Invece di forzarmi, nel momento della messa alla prova mi sono ripiegata su me stessa, dopo il lavoro ho ricominciato a vagare con la mente e a dormire invece di uscire.
“Sono fatta così” non è una buona scusa, io però sono fatta proprio così, d’inverno muoio.

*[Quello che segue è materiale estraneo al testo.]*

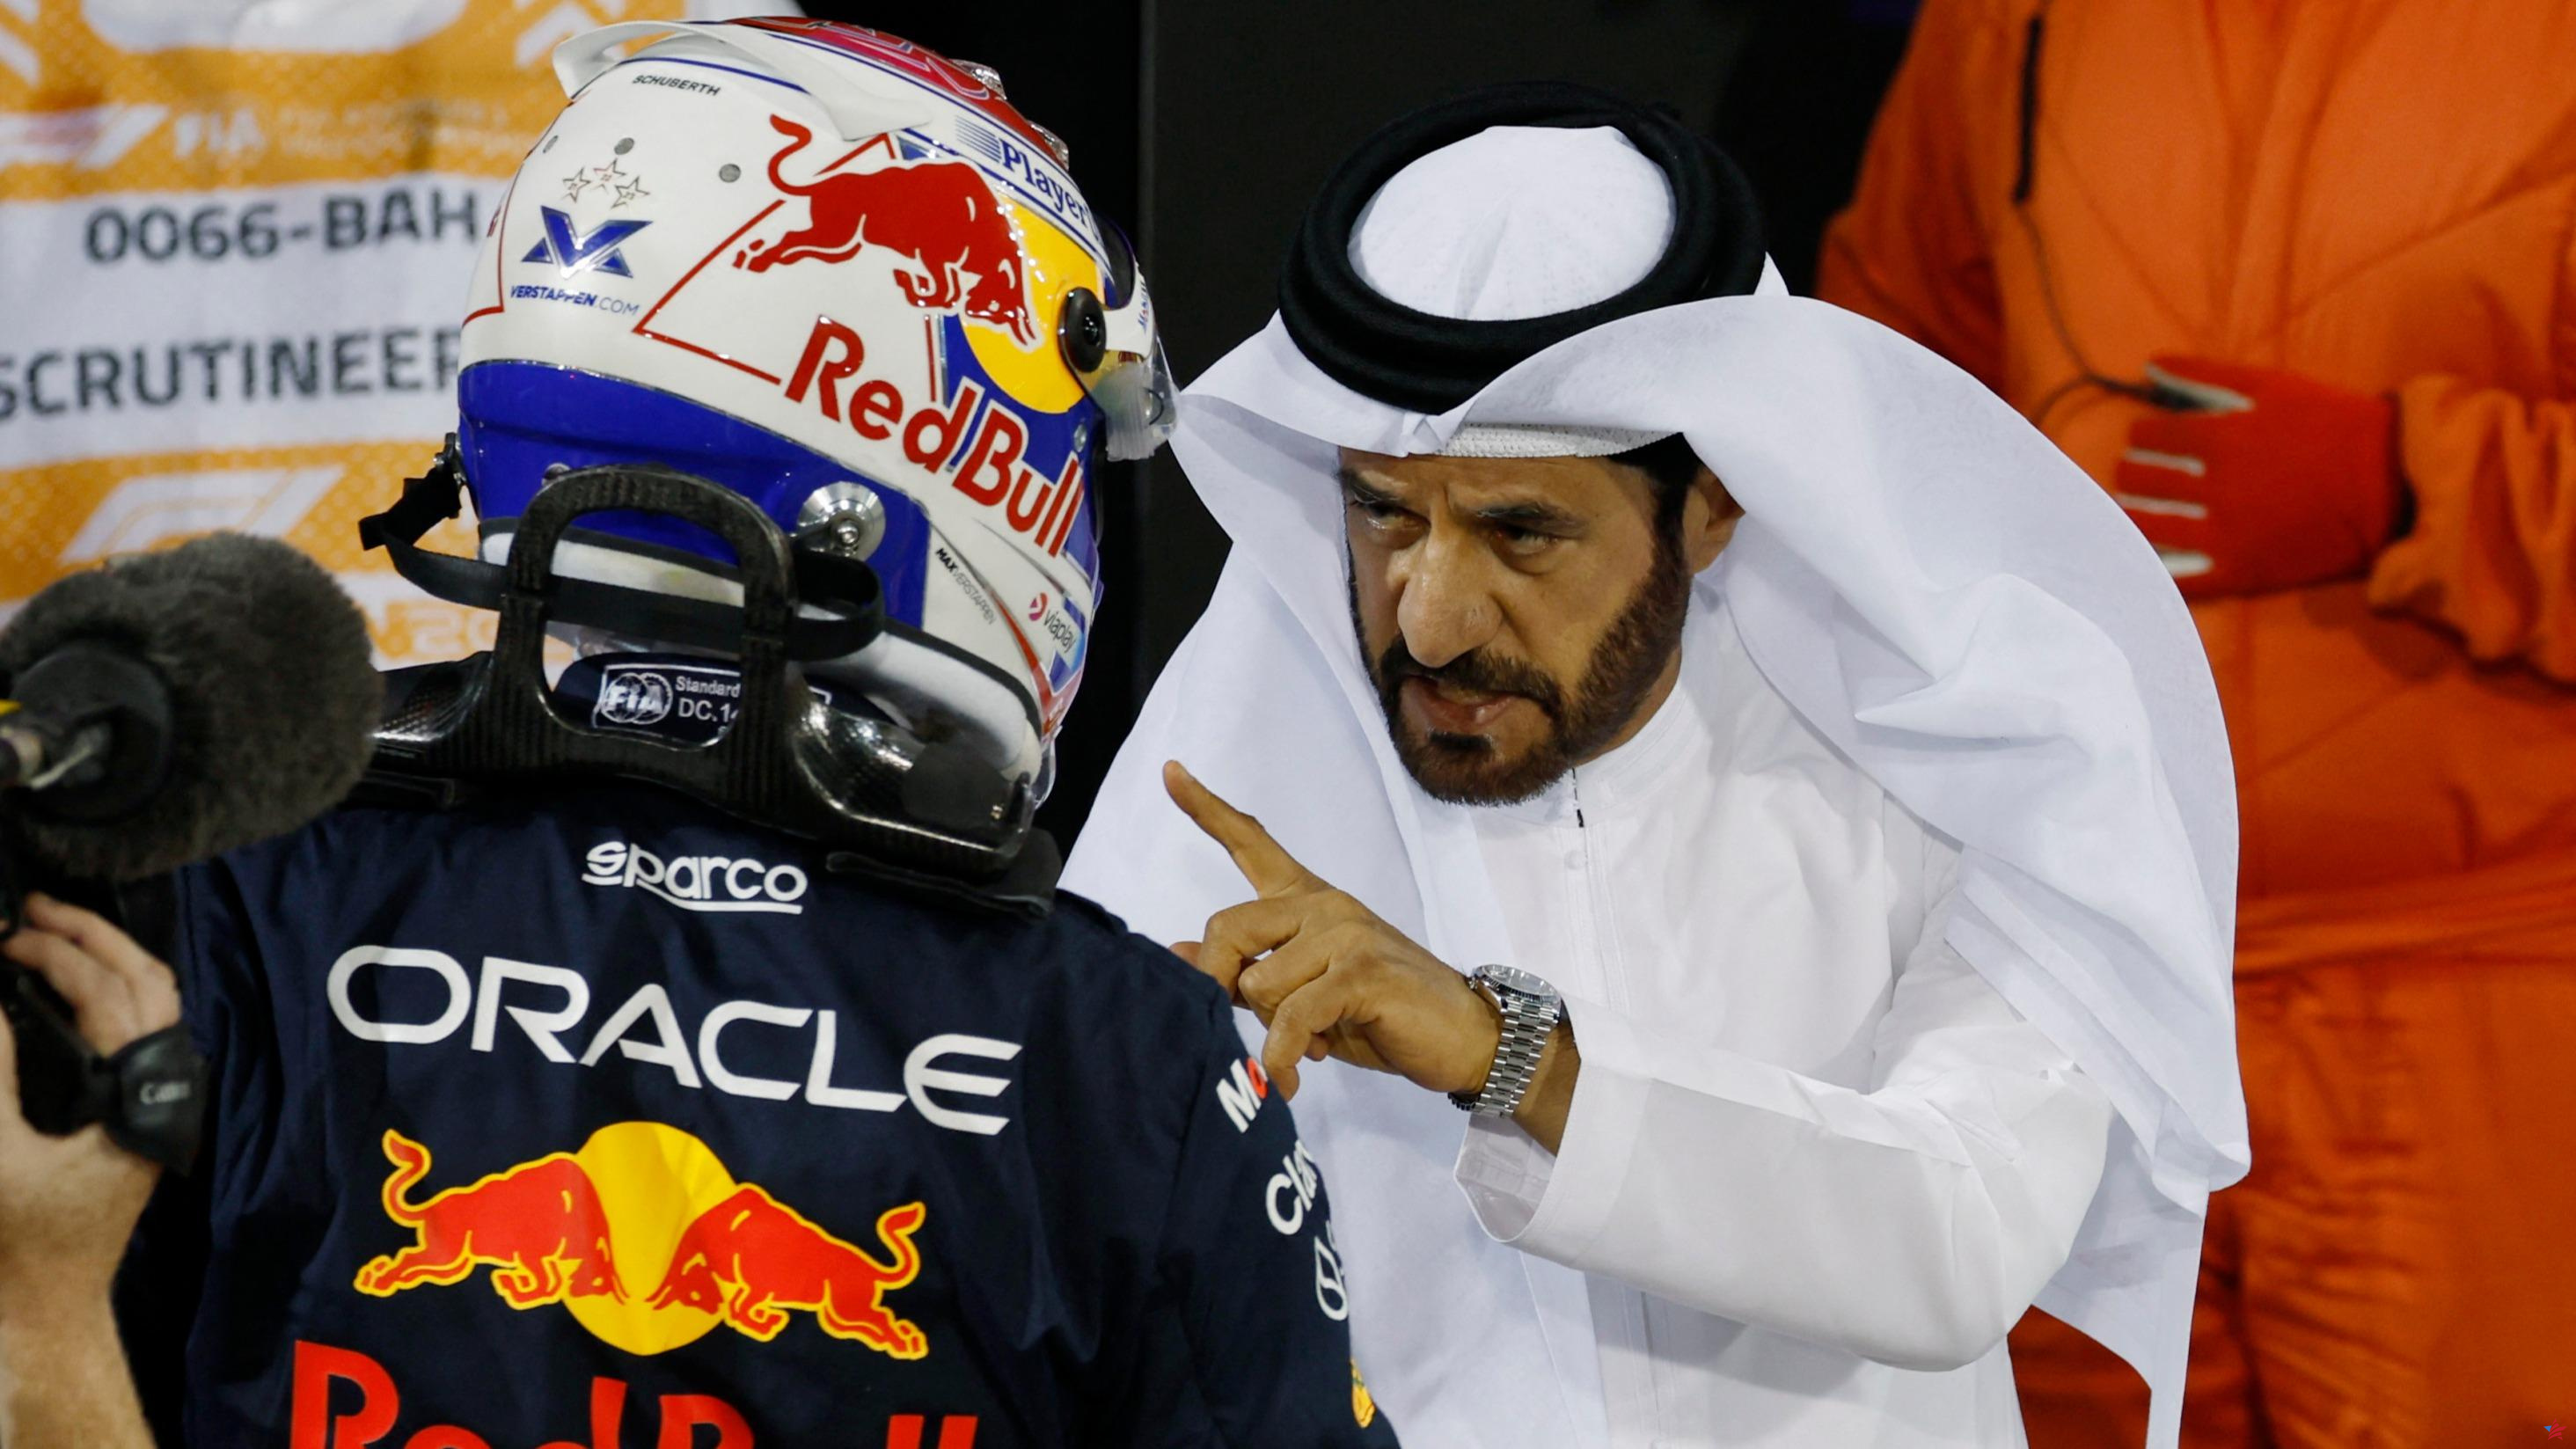 Fórmula 1: el presidente de la FIA sospechoso de influir en el resultado de una carrera en beneficio de Alonso
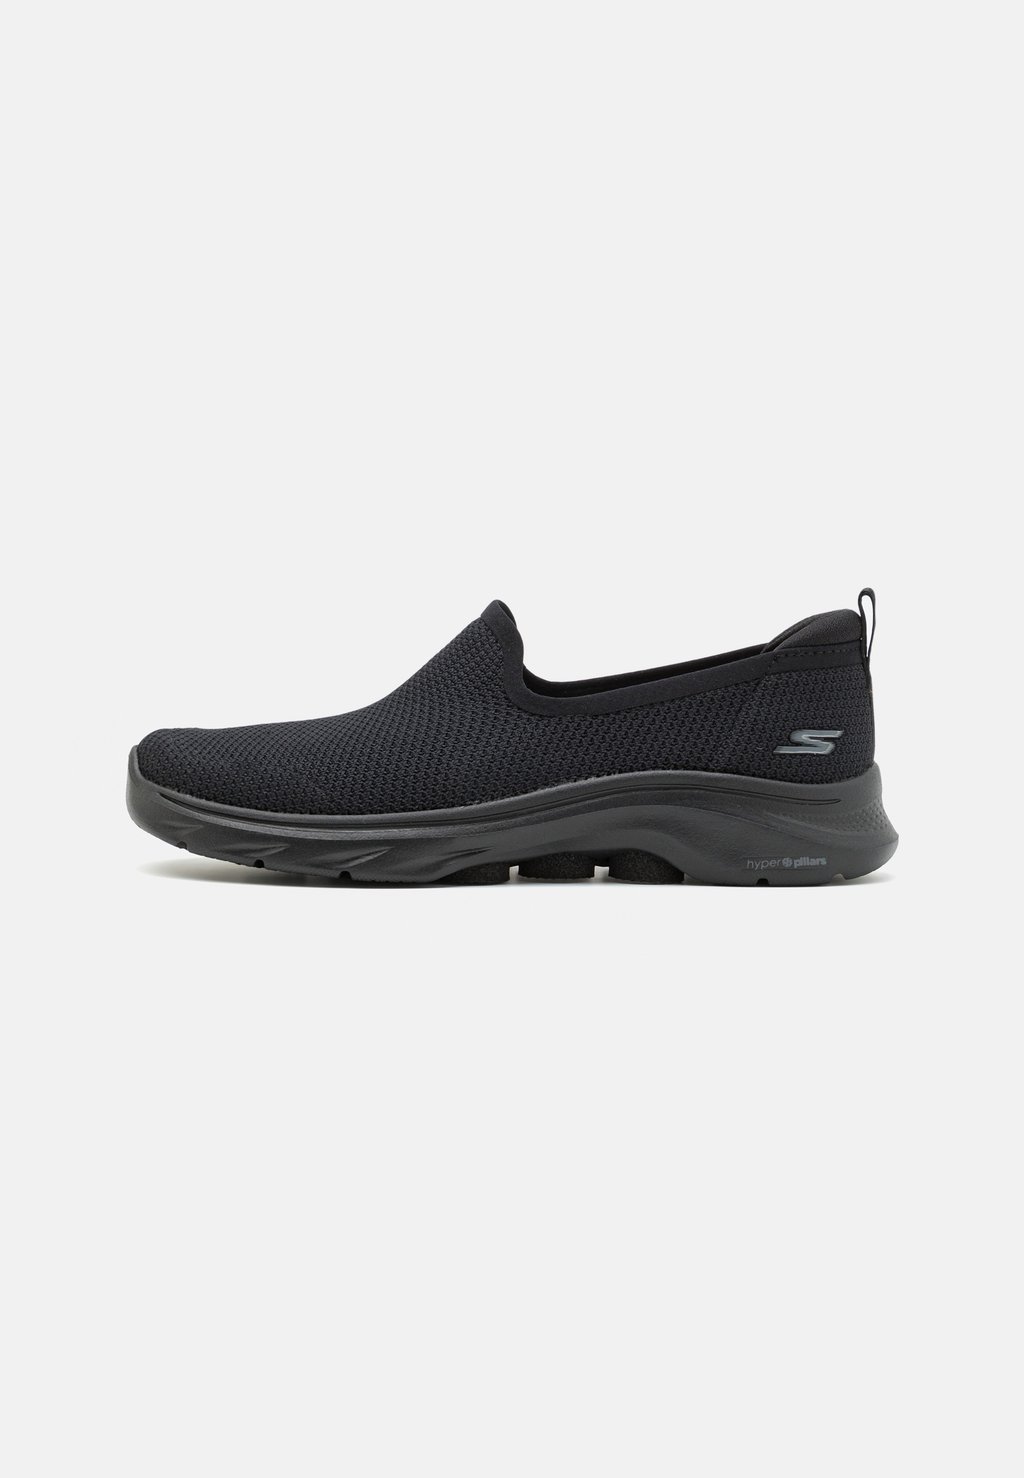 Обувь для ходьбы GO WALK 7 SLIP ON Skechers Performance, цвет black обувь для ходьбы go walk slip in skechers performance цвет black

Primavera, ancora pioggia ma almeno c’è la luce.
Sono tornata in palestra, due settimane e di nuovo il mio corpo ha beneficiato di quei 50 minuti di esercizio lento e focalizzato.
Adesso che siamo a metà giugno restano solo altre cinque lezioni. Purtroppo le palestre non seguono il mio ritmo biologico, mentre gli istruttori vanno in vacanza io vorrei aumentare il numero delle lezioni, raddoppiarne la durata. Il dramma, per così dire, è che non ho uno spazio adatto a praticare Pilates per conto mio, c’ho provato a farlo in casa, ma ho bisogno del rito: preparare la borsa, uscire, fare quel preciso percorso a piedi, cambiarmi, sistemare il tappetino e seguire la classe.
Anche se non sono mai pienamente a mio agio con le altre persone, queste mi servono per essere costante, mi ancorano alla realtà.

Tornare a scrivere

La scorsa settimana sono stata a un incontro sulla “scrittura emotiva”.  Non sapevo cosa aspettarmi, chi sarebbero stati gli altri partecipanti o cosa avrei dovuto fare, ma ci sono andata perché “scrittura” ed “emotiva” sono due parole che ho sempre associato a me stessa. Anche se ormai da alcuni anni scrivo solo per lavoro, scrivo per pubblicizzare prodotti che spesso non comprerei e ritengo o inutili o troppo costosi. Scrivo arricchendo i testi di aggettivi luccicanti come specchietti al sole caldo di un desiderio che dev’essere solo stimolato un po’ per accendersi.
Ho scritto alcuni blog, da sola e in collaborazione con altre persone, più prolifiche di me. A volte la prolificità degli altri mi ha bloccata, ero ammirata dalla loro capacità di organizzare i pensieri puntualmente ogni giorno in un testo lungo. Disciplina o urgenza e amore.
Facebook ha modificato il nostro modo di interagire e leggere in internet. Nessun altro social network ha cambiato tanto radicalmente la nostra scrittura e lettura, nemmeno i pochi caratteri di Twitter, i quali rimandavano comunque ad articoli ben più lunghi, che animavano ancora i blog. La pratica di leggere solo i titoli dei giornali è diventata prassi anche per chi potrebbe approfondire, ma preferisce scorrere la home in cerca di un nuovo feed.
No che non penso alla fine della parola scritta, no, cambia il mezzo, cambia il modo in cui organizziamo le parole, ma le parole non possono finire, almeno fino a quando saremo qui. Finirà Facebook, anche se cerca di concentrare in sé stesso tutta l’esperienza che le persone possono fare del web. Un nuovo modo di comunicare in rete, dopo i vlog e gli status, arriverà.
Rubo tempo al lavoro per tornare a scrivere qui dopo mesi di silenzio. Dalla scorsa estate ho messo nelle mani di Instagram gran parte delle cose che avrei voluto dire, in forma di immagine. Adesso sento il bisogno di tornare a scrivere, non so quanto sia profondo, forse è la bella giornata, forse il buon libro che ho letto recentemente, oppure quell’incontro di scrittura emotiva, che mi spingono a cercare qualcosa in più. So che sento questa spinta e mi sembra giusto tenerne traccia qui, nel mio angolo di web.